What is data science?
Data science is a multidisciplinary field that attempts to garner meaningful and actionable learning from complex data. It combines aspects of statistics, computer science, AI, and more. “Data scientists use scientific methods, algorithms, processes, and systems to extract insights and knowledge from data,” explains Justice Erolin, CTO at software development company, BairesDev. Often, the goal of data science is to inform decision-making and strategic planning for businesses.
Pursuing a career in data science can be quite lucrative. The average data scientist salary in the U.S. is $145,257, according to Salary.com, with the salary range typically falling between $130,842 and $159,732. Of course, actual salaries for data scientist positions can vary quite a bit depending on factors such as your level of education, additional skills or certifications you may have, the number of years you have spent in your profession, etc.
The outlook for this career field is also promising. The U.S. Bureau of Labor Statistics (BLS) doesn’t specifically track data scientists, but does include them in a broader category of “Computer and Information Research Scientists.” This category was projected to grow by 23% from 2022 to 2032, much faster than the average for all occupations. Given the increasing importance of big data, the demand for data scientists is expected to be at the higher end of this growth spectrum.
“What makes data science super valuable right now as a career path is that it’s the foundation of artificial intelligence and machine learning,” Erolin says. “Depending on the role, you’re able to make a real impact on the business or in other people’s lives.”
What is Python?
Python is a high-level, interpreted programming language known for its simplicity, readability, and versatility. First released in 1991, Python has become one of the most popular programming languages in the world.
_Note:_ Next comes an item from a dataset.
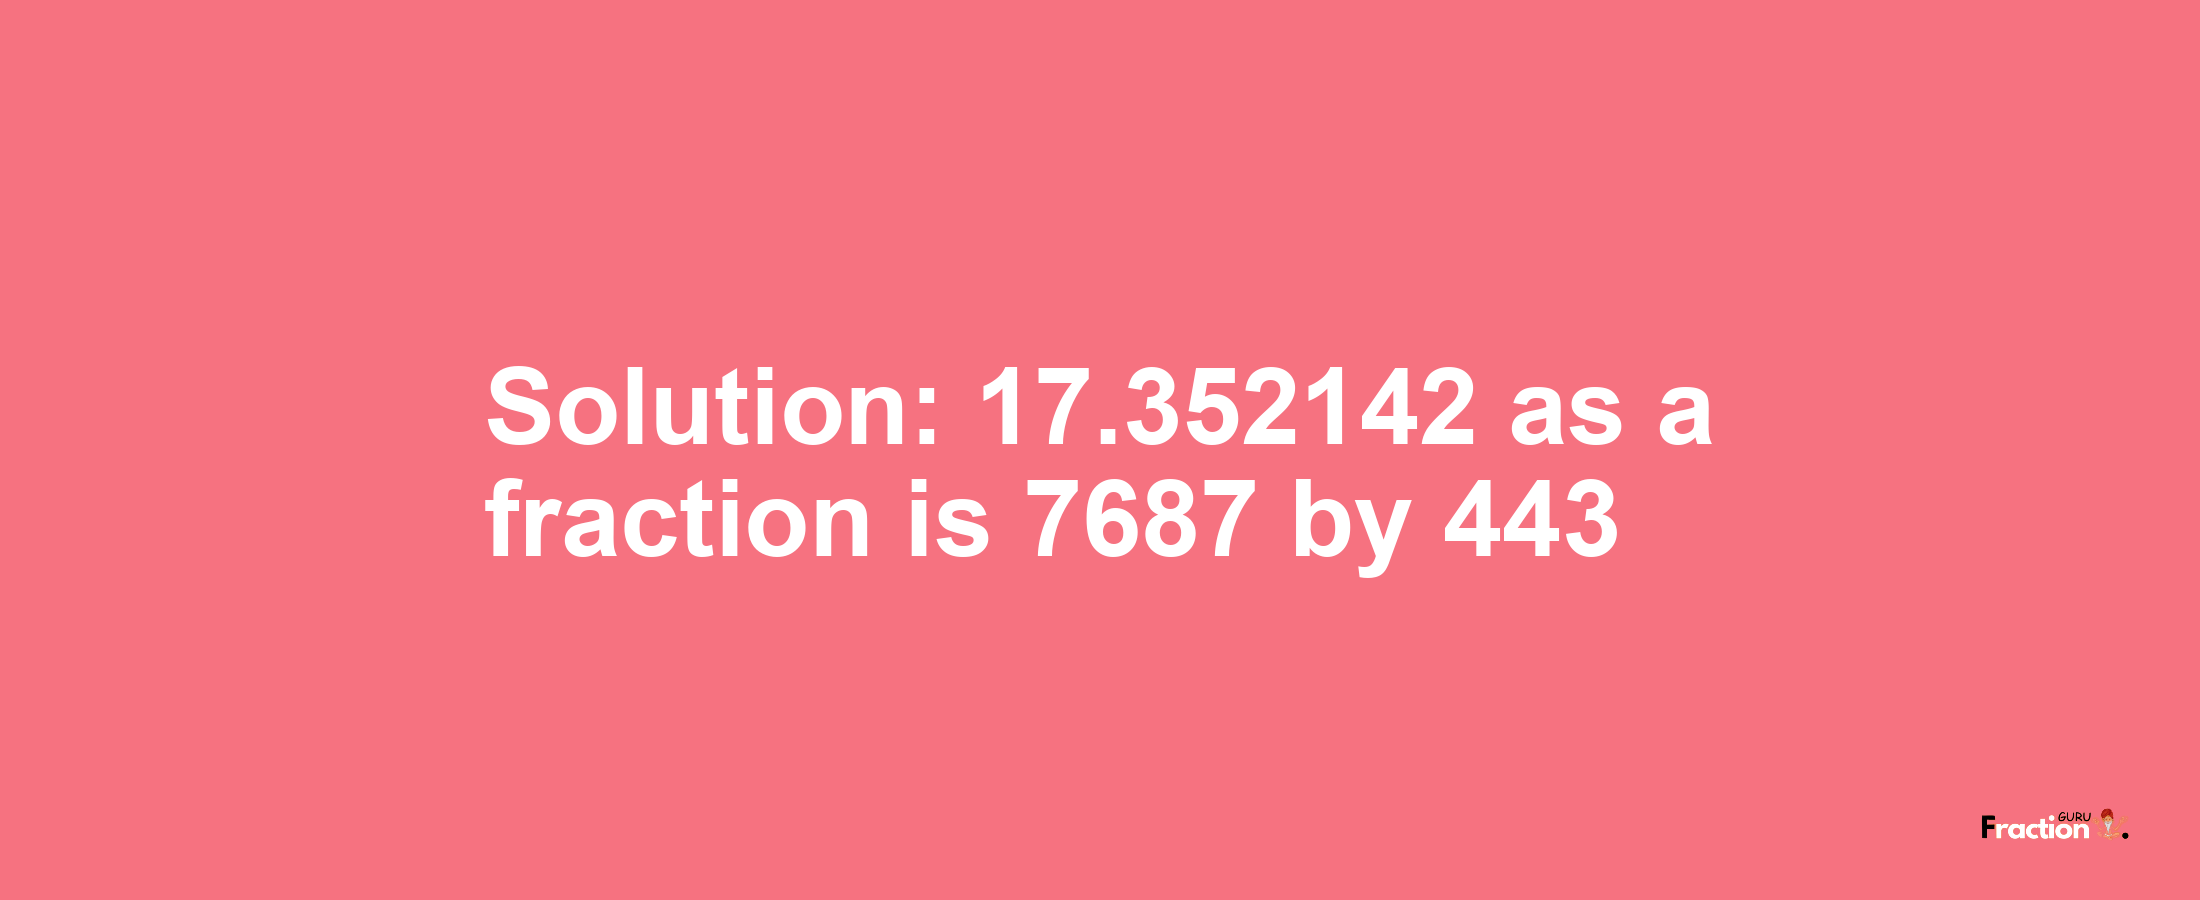 Solution:17.352142 as a fraction is 7687/443

“Python started off as an easy-to-use and learn programming language for quick prototyping,” Berthold explains. “In past years, a lot of functionality for working with data has been added and it has become one of the two primary languages next to R, which is still the preferred choice for statistical work.”
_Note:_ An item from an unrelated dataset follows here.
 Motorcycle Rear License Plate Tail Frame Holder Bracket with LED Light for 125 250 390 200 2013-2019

Berthold added that most new tools in the artificial intelligence/machine learning space have been developed in Python, so you need to know Python in order to work directly with those libraries. “It is worth noting that many aspects of data science require other languages as well, most notably, SQL for data engineering, but also Javascript for visualization,” he says.
Using Python for data science
Learning a programming language is easier than ever if you have the desire to practice, according to Erolin. He noted there are plenty of free and paid online resources, from YouTube to Udemy. “There are also communities on Reddit and Stack Overflow that can help you solve specific problems you run into,” he added. However, Erolin said the best learning is often done on the job.
“Regardless of where you get your information and how you practice, aspiring data scientists should learn the fundamentals such as mastering the basic Python syntax, control structures, functions, etc.,” Erolin said. “You would then move on to familiarizing yourself with popular data science libraries such as Pandas and Seaborn, which provide tools for data manipulation, analysis, and visualization.” From there, he explained, you can dive into data science concepts such as statistics and machine learning and marry them together.
The takeaway
If you’re looking for a rewarding and challenging STEM career, data science is a great route to pursue. “The career path is in-demand and requires a healthy dose of creativity since the job differs from project to project, and tools and techniques are constantly evolving,” Berthold says.
There are many skills and tools involved in data science, but you can set yourself up for success by learning Python, which is often integral to the work. Whether you want to take a DIY approach to learning Python with free online courses or enroll in a Python bootcamp, there are plenty of resources available to help you become an expert in this programming language and apply it to data science.